Thursday, December 01, 2016

The more things change...

Those who live in the biblical history and locate their own time in it will regard the books of the biblical prophets as scripture that directly concerns them and their own time. As we have already seen, this is how the hermeneutical rules of the “Teacher of Righteousness” understood things in the pesher on the Book of Habakkuk. Thus, it would be strange if the interpretations in the pesharim had no substantial relationship to their biblical original whatsoever, apart from catchwords and other technical interpretive links. This question emerges especially in our example from the pesher on Nahum, where the external enemies of the seventh century B.C.E., Nineveh and No-Amon, are understood in relation to the Israelite powers, Ephraim and Manasseh, that correspond to the community’s contemporary enemies within Israel and Judah in the first century B.C.E.—The Prophets of Israel, page 101

<idle musing>
Of course, we could apply the same logic to some (most?) interpretations of scripture in the 21st century, couldn't we? And that's why a Christocentric hermeneutic is so important! If the Bible is all about Jesus (and as a Christian, I believe it is), then we should make Jesus the center of our hermeneutic.

Of course, how that plays out in our hermeneutics is the rub, isn't it? Which Jesus do we use as the model? The incarnate, cruciform one in the Gospels, Acts, and most of the Epistles? Or the triumphant, conquering king of Revelation? Of course, I would argue that the conquering king is really the lamb, slain from the foundation of the world. But, others take the triumphant messiah as their starting point and reinterpret all the servant/cruciform stuff through the militaristic lens.
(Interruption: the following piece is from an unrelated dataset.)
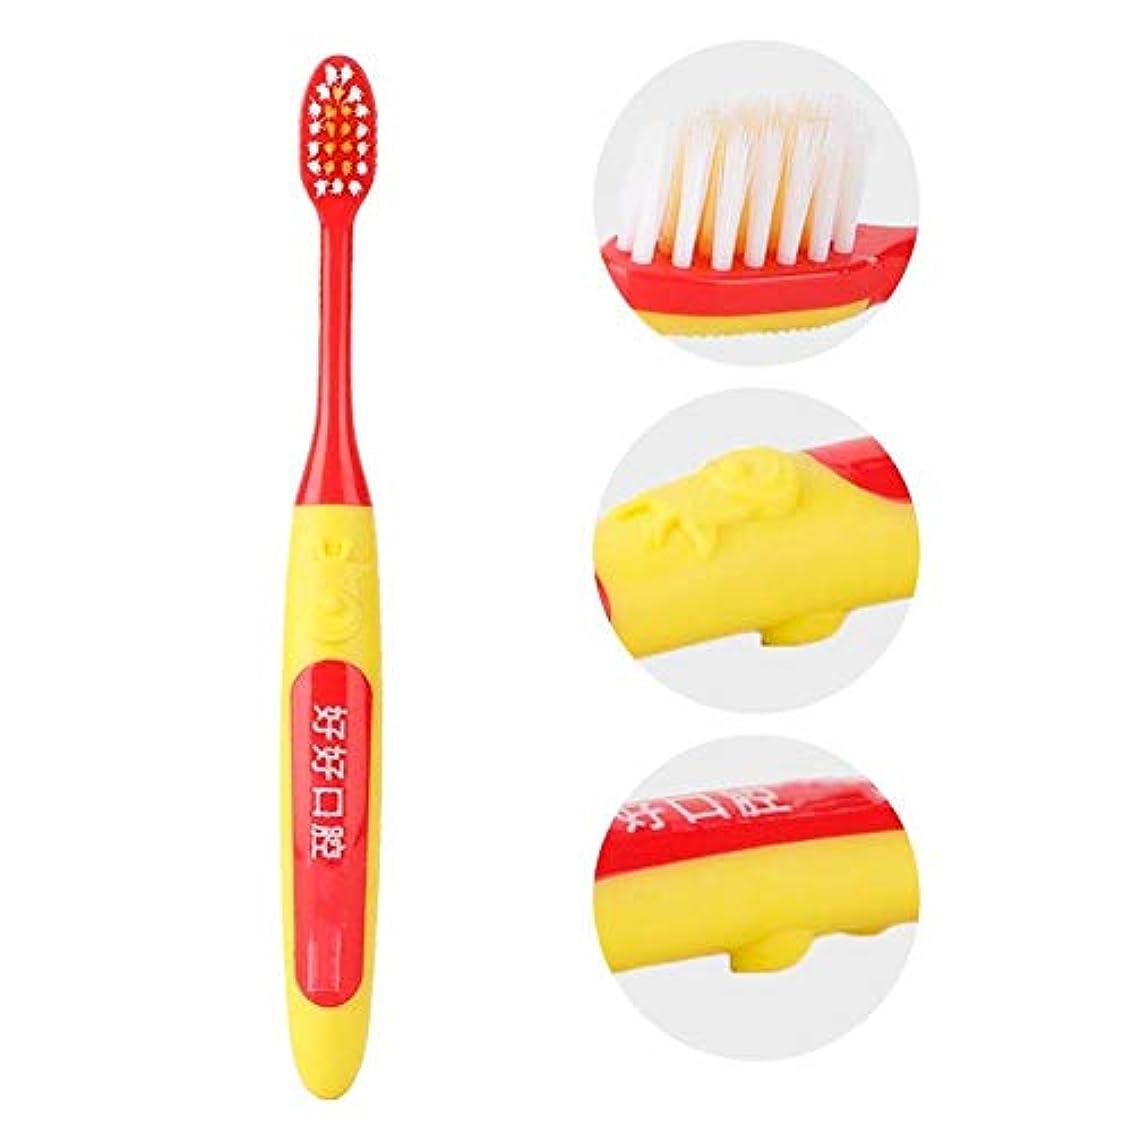 こどもの宮殿明示的にイノセンス歯ブラシ子供の柔らかい髪の歯ブラシかわいい子供のクリーニング歯ブラシオーラルケアツール(黄色いハンドル)

And so, in some ways, we are back to square one, aren't we?

This is really about one's presuppositions, not about scripture at all. But it influences—actually, it controls—our interpretation of scripture. If I start with the presupposition that the U.S. is God's chosen vessel (and a holy one, too), then I will interpret scripture much differently than if I start with the presupposition that, yes, God uses the U.S. in the world, but it is not God's chosen nation—unless you want to say that it is chosen in the same way that God chose Assyria—and then judged her when she overstepped her bounds (see Habakkuk).